Exercise directions: An exact copy of all the data, minus the images, is required.

Data excerpt:
=== Section Start ===
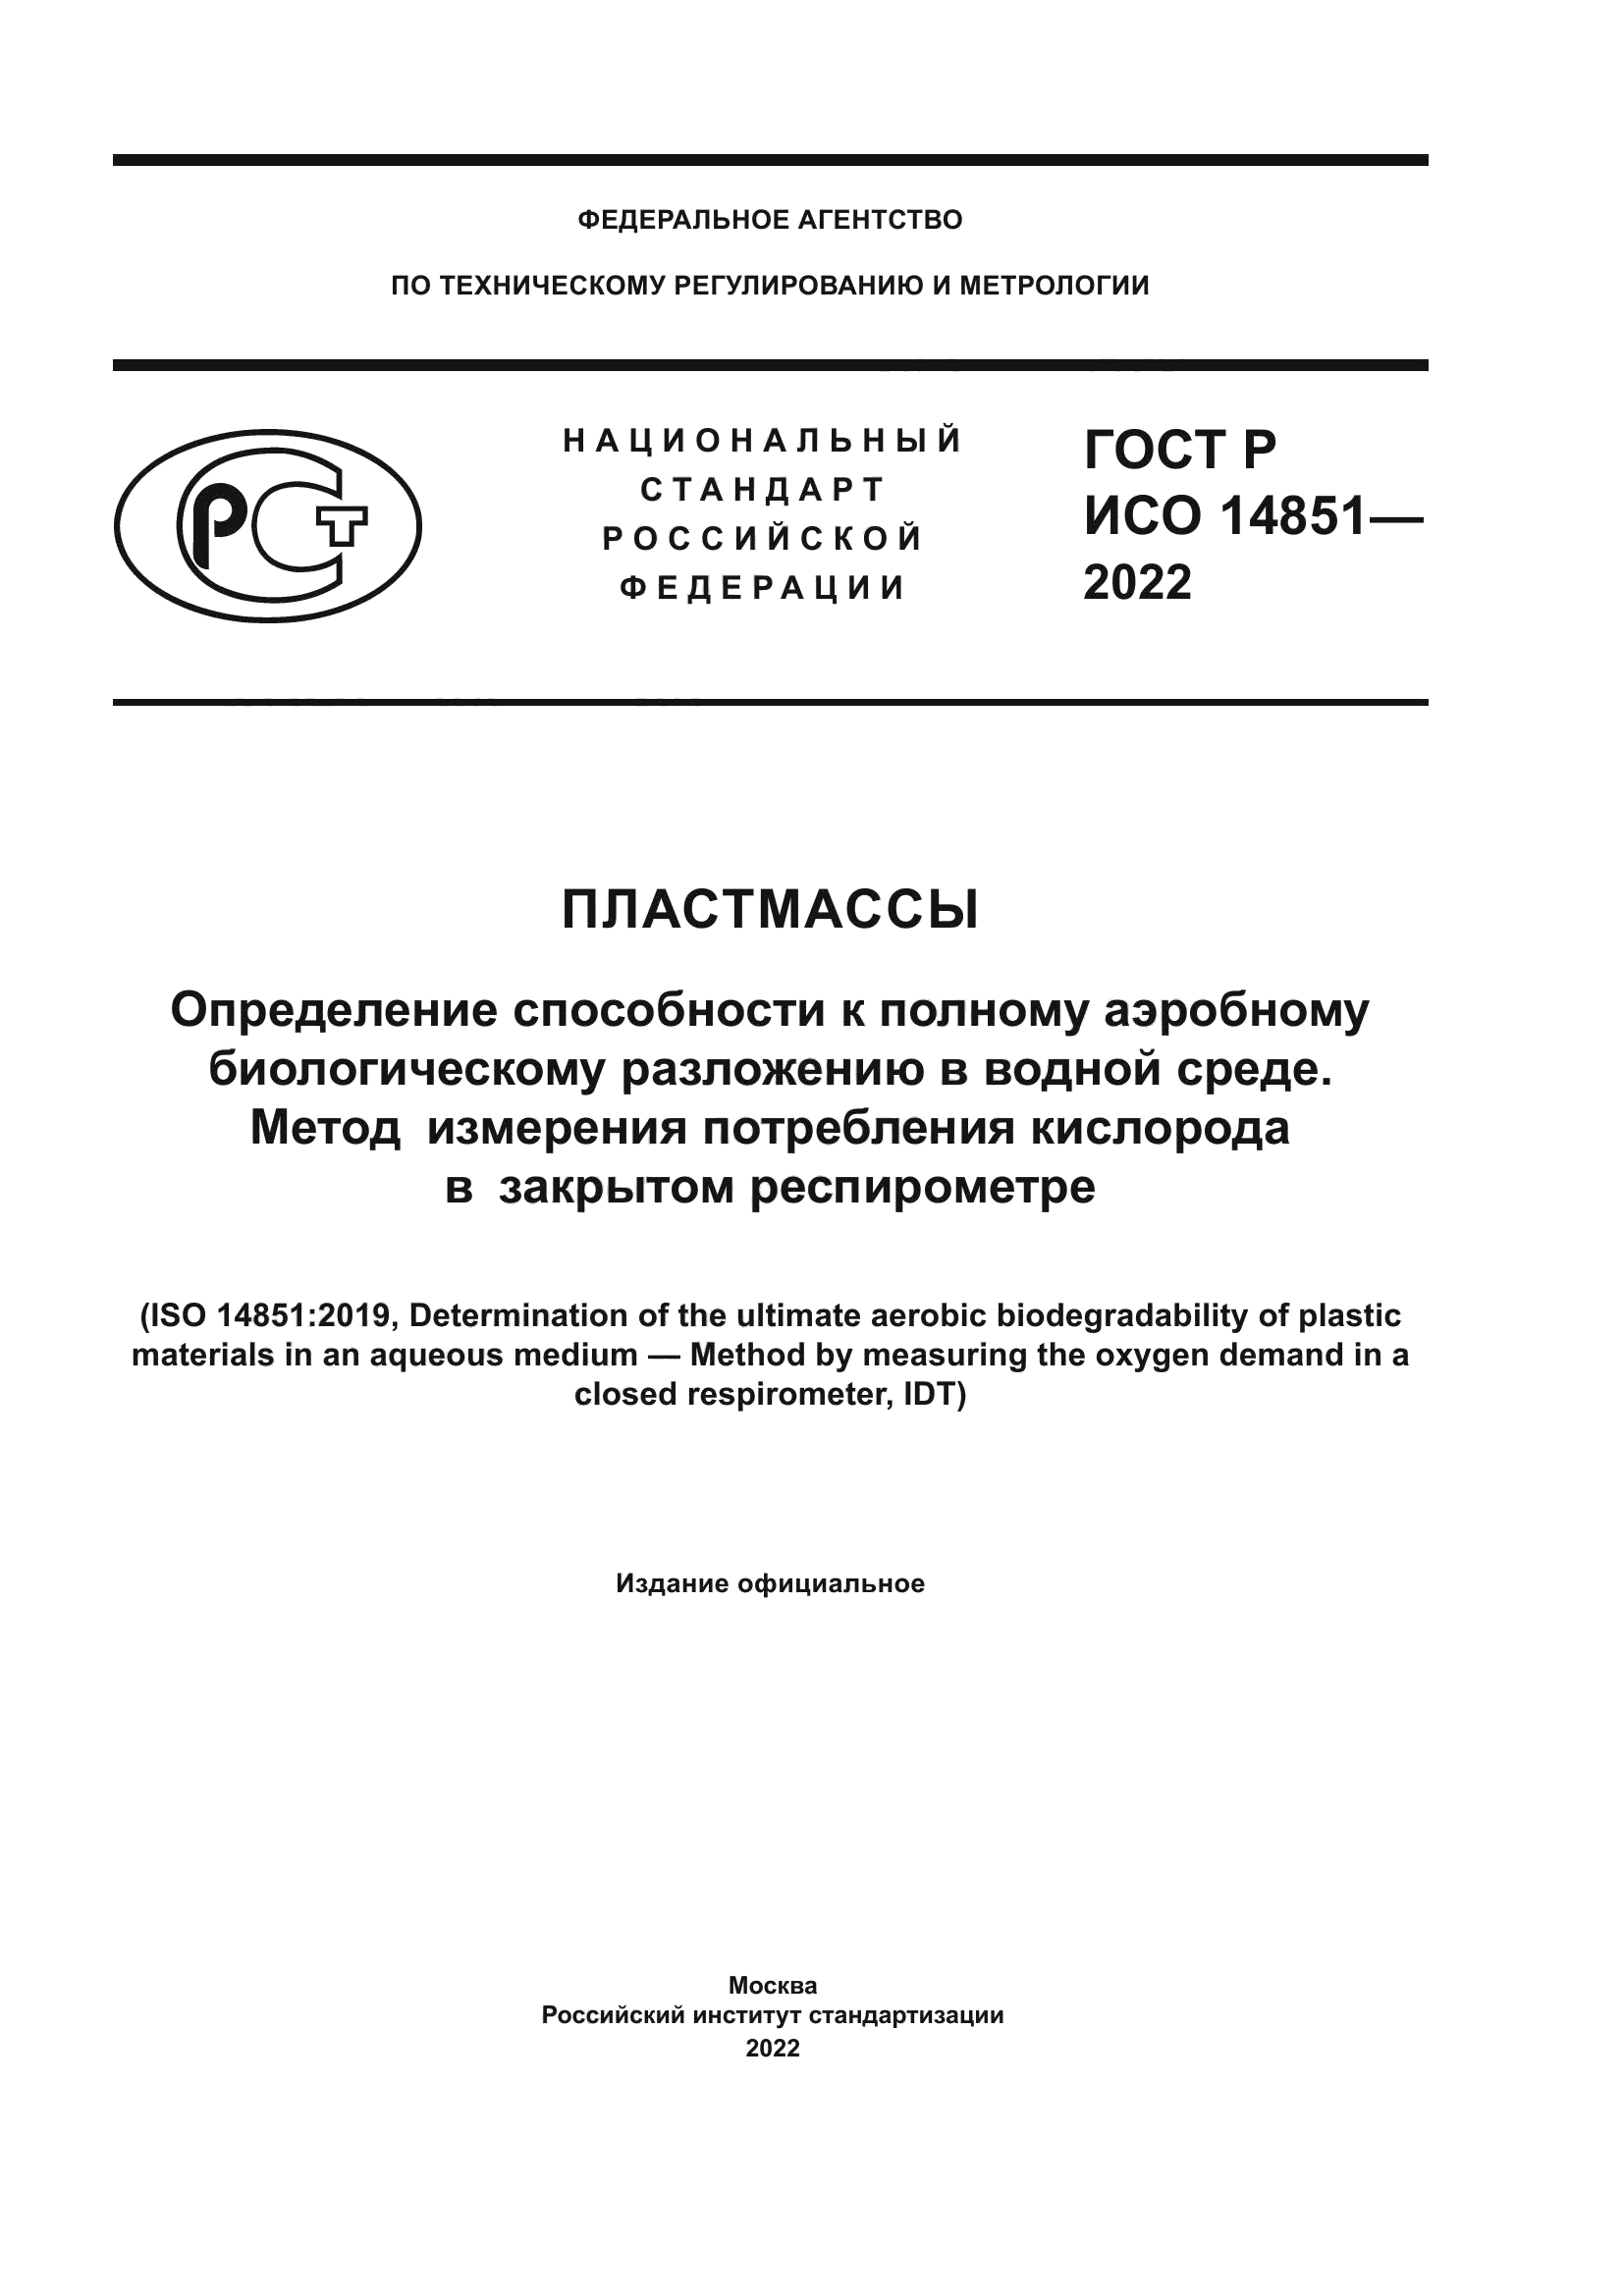 ГОСТ Р ИСО 14851-2022
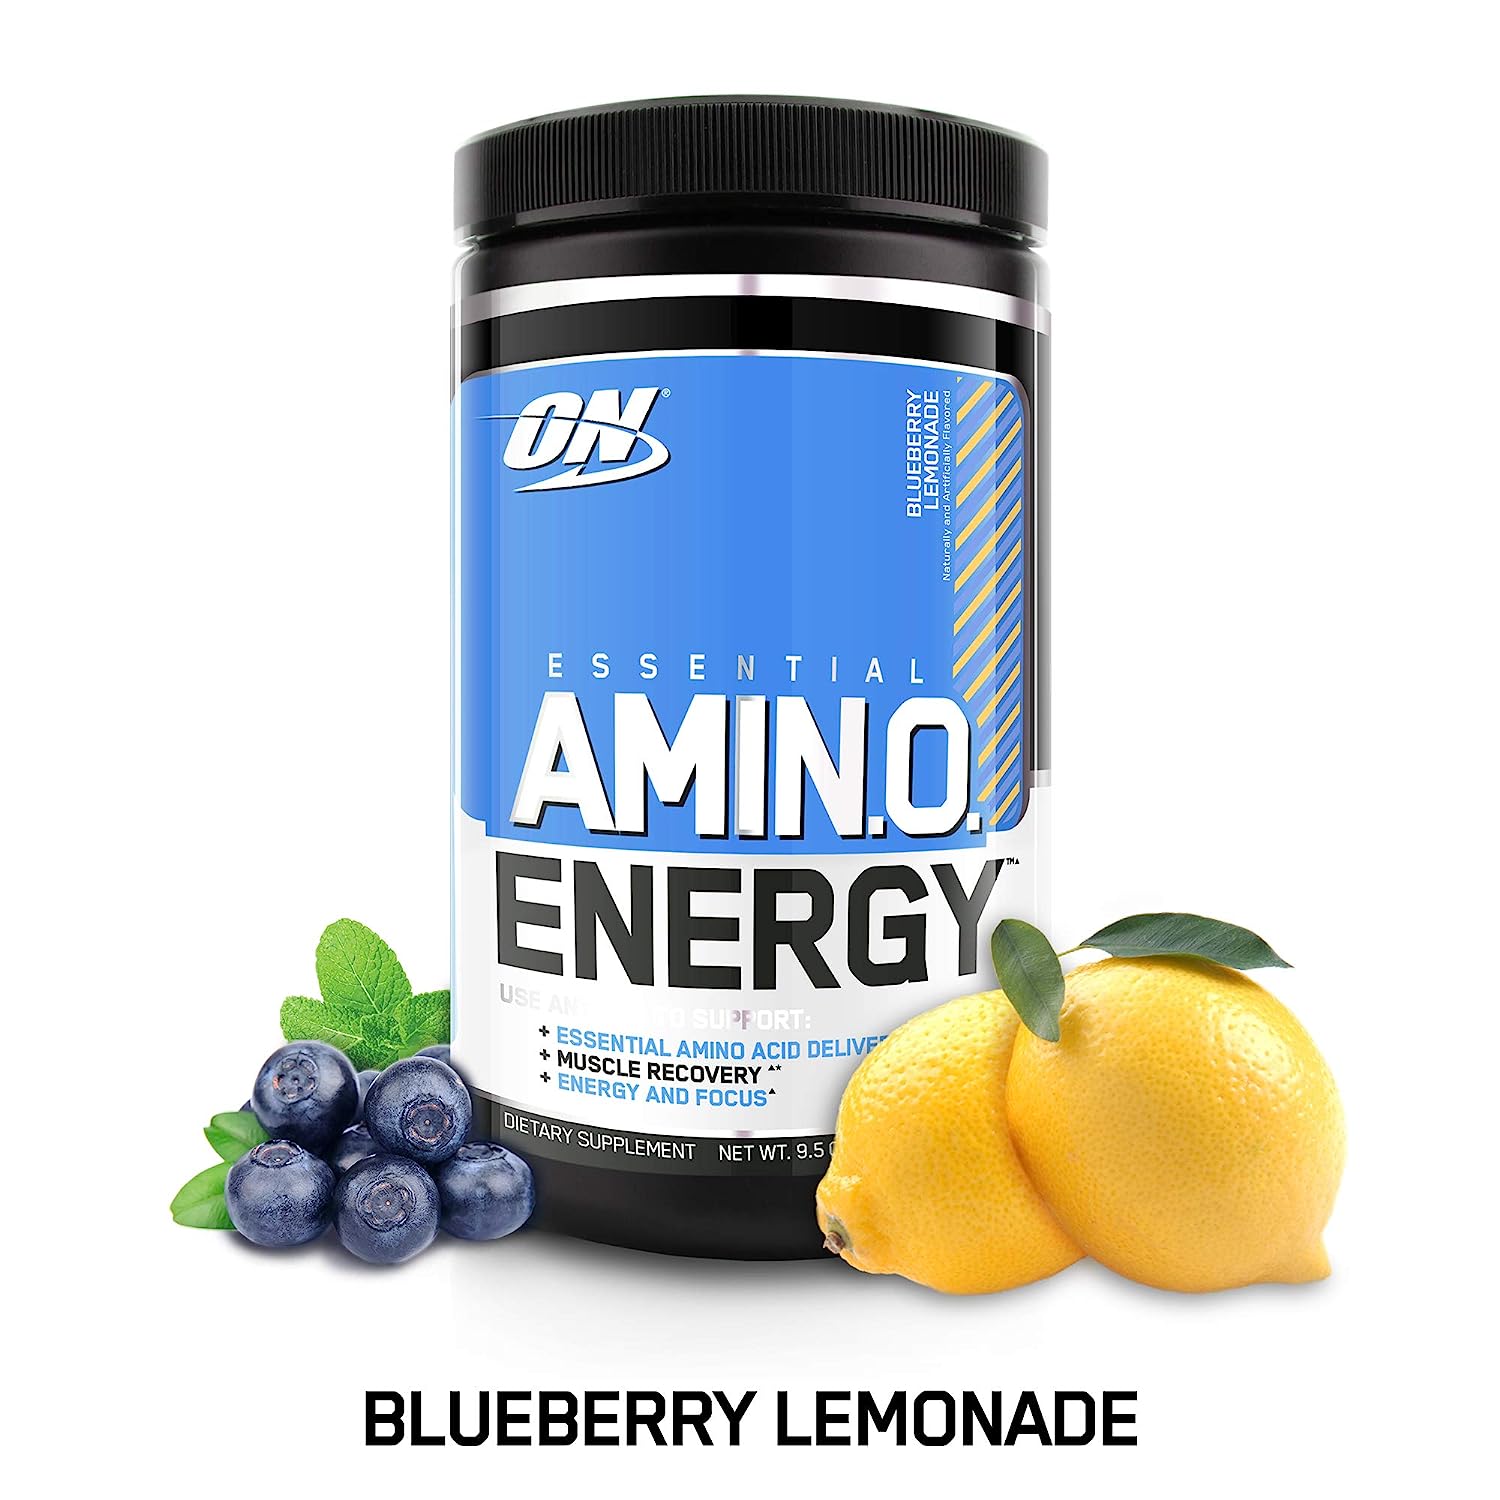 Аминокислоты nutrition. Optimum Nutrition Amino Energy (585 гр) апельсин. On Essential Amino Energy 30 serv. On - Essential Amino Energy 9,5 oz Blueberry Lemonade. Аминокислоты on черничный.
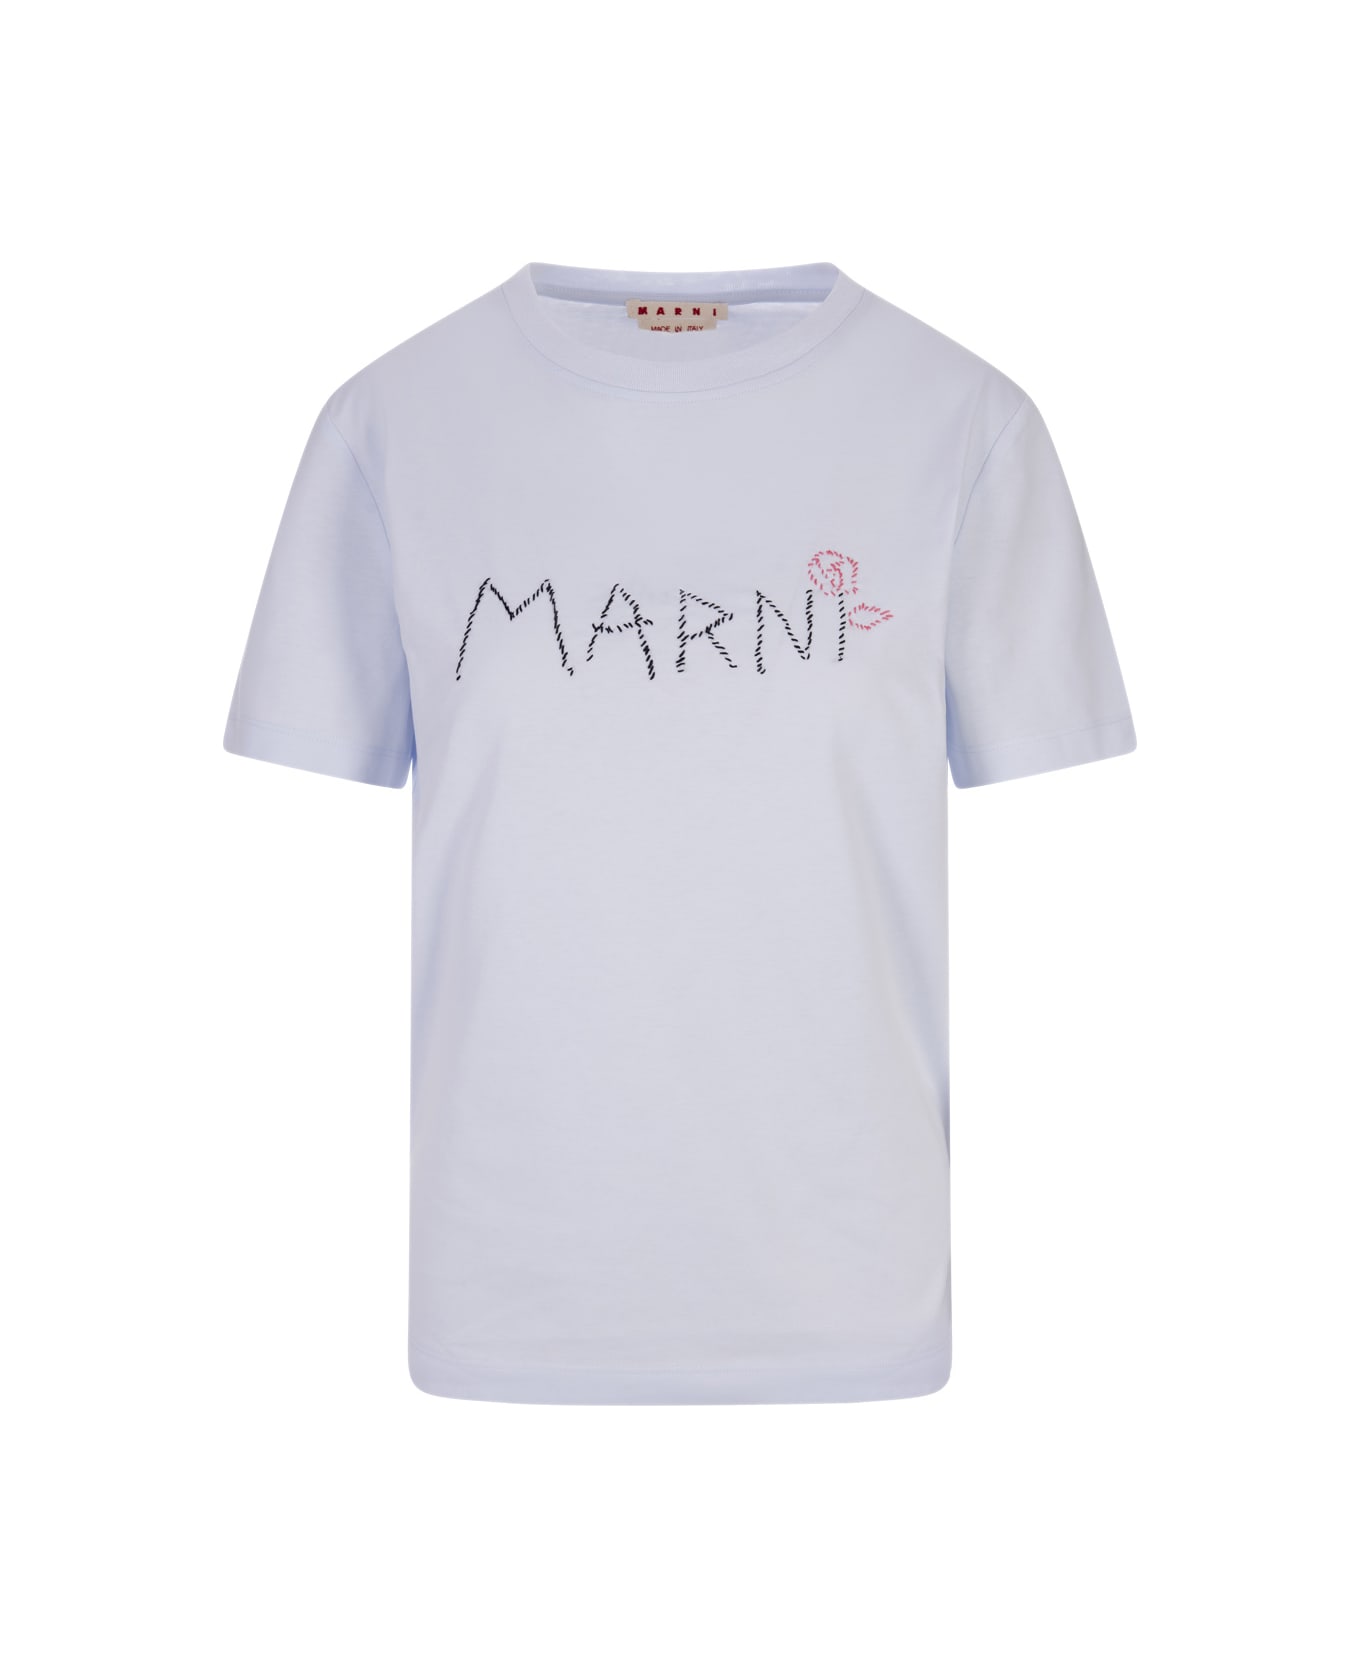 Marni Light Blue T-shirt With Marni Stitching - Blue
=== Section End ===
Output below:
 ГОСТ Р ИСО 14851-2022
 Аминокислоты nutrition. Optimum Nutrition Amino Energy (585 гр) апельсин. On Essential Amino Energy 30 serv. On - Essential Amino Energy 9,5 oz Blueberry Lemonade. Аминокислоты on черничный.
 Marni Light Blue T-shirt With Marni Stitching - Blue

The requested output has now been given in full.